Sixty-one-year-old AT has recently been confined to a wheelchair by progressive osteoarthritis in his right hip, which causes him considerable pain. Formerly an active individual--an avid walker and weekend sailor--AT is equally distressed by his lack of mobility and loss of independence. A hip replacement, for which his insurance company would pay, would relieve his pain, increase his mobility, and significantly improve the quality of his life. He has thus decided to proceed with elective surgery.

AT considered himself in excellent health except for the degenerative joint disease, which has recently decreased his stamina. He was therefore surprised to learn that a preoperative blood count suggested he had chronic lymphocytic leukemia (CLL) and associated moderate anemia. A thorough workup confirmed the diagnosis of Stage III CLL, which is associated with a life expectancy of approximately twelve to forty-two months. AT's physicians can correct his anemia with periodic blood transfusions and believe that his CLL poses no significant acute contraindication to the proposed surgery.

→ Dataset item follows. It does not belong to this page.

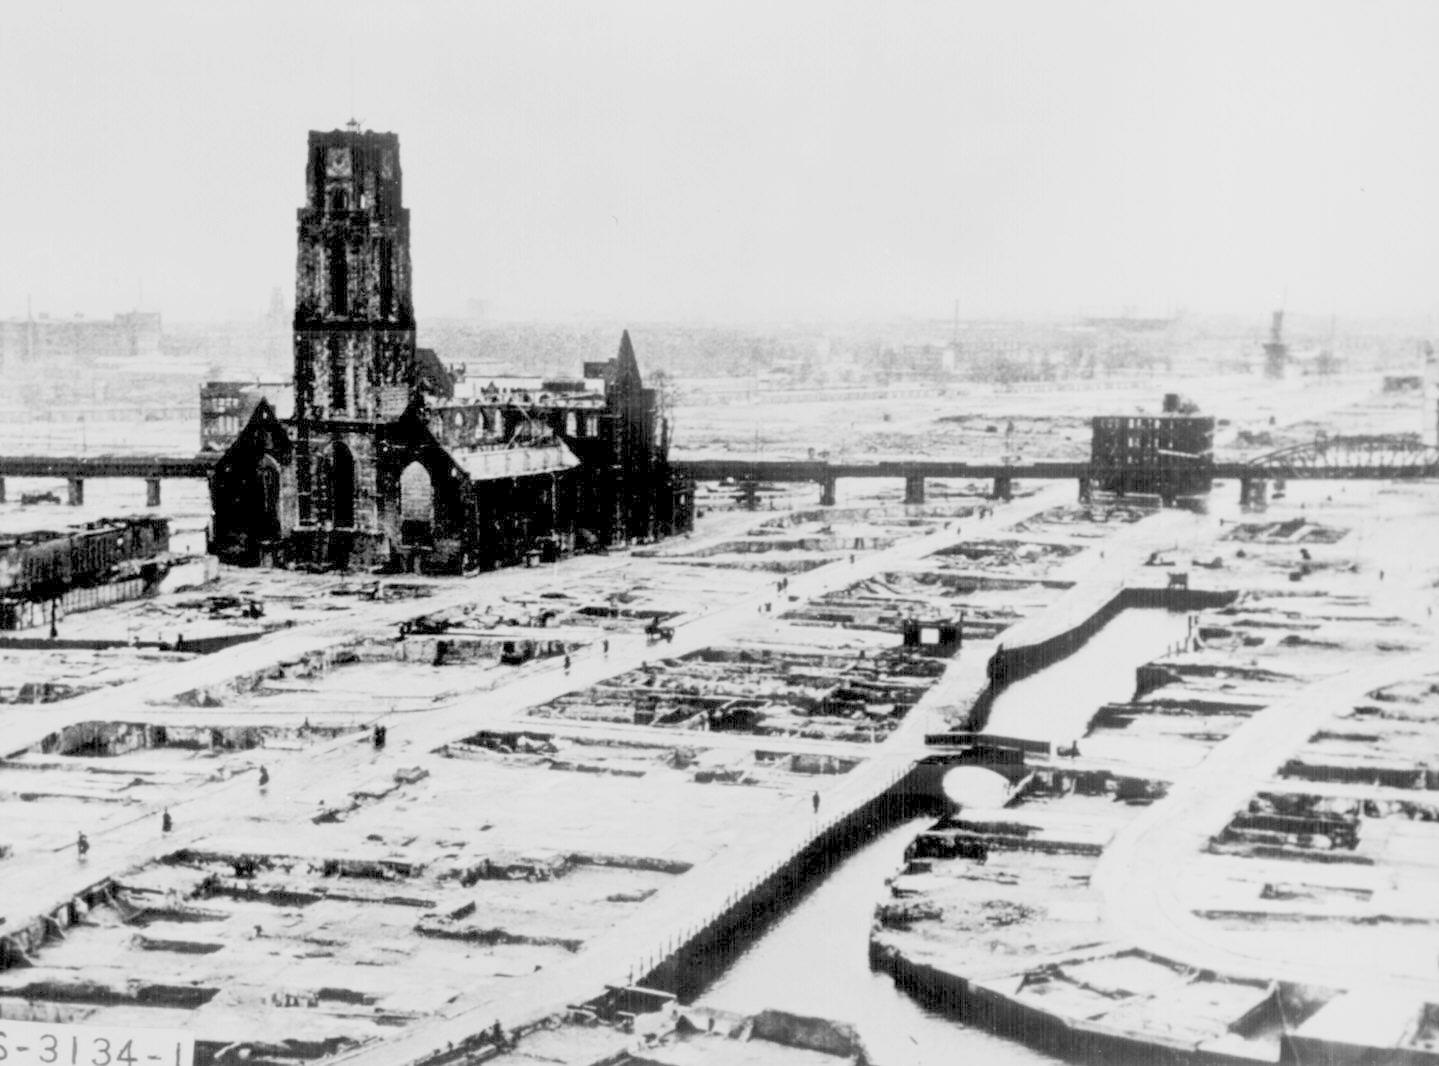 http://spiritualpilgrim.net/pictures/20_World-War-Two/NA_1945_Rotterdam-in-ruins.jpg

Would hip replacement be considered inappropriate therapy for AT? What are the limits of palliation in the age of chronic disease?

At first glance this case is just a little too easy. Despite his shortened life expectancy, it's hard to imagine anyone would wilfully deprive AT of a hip replacement that would reduce his pain and improve the quality of his life. But lurking just beneath the surface of this easy entitlement is a question about how far we should go in pursuit of palliation.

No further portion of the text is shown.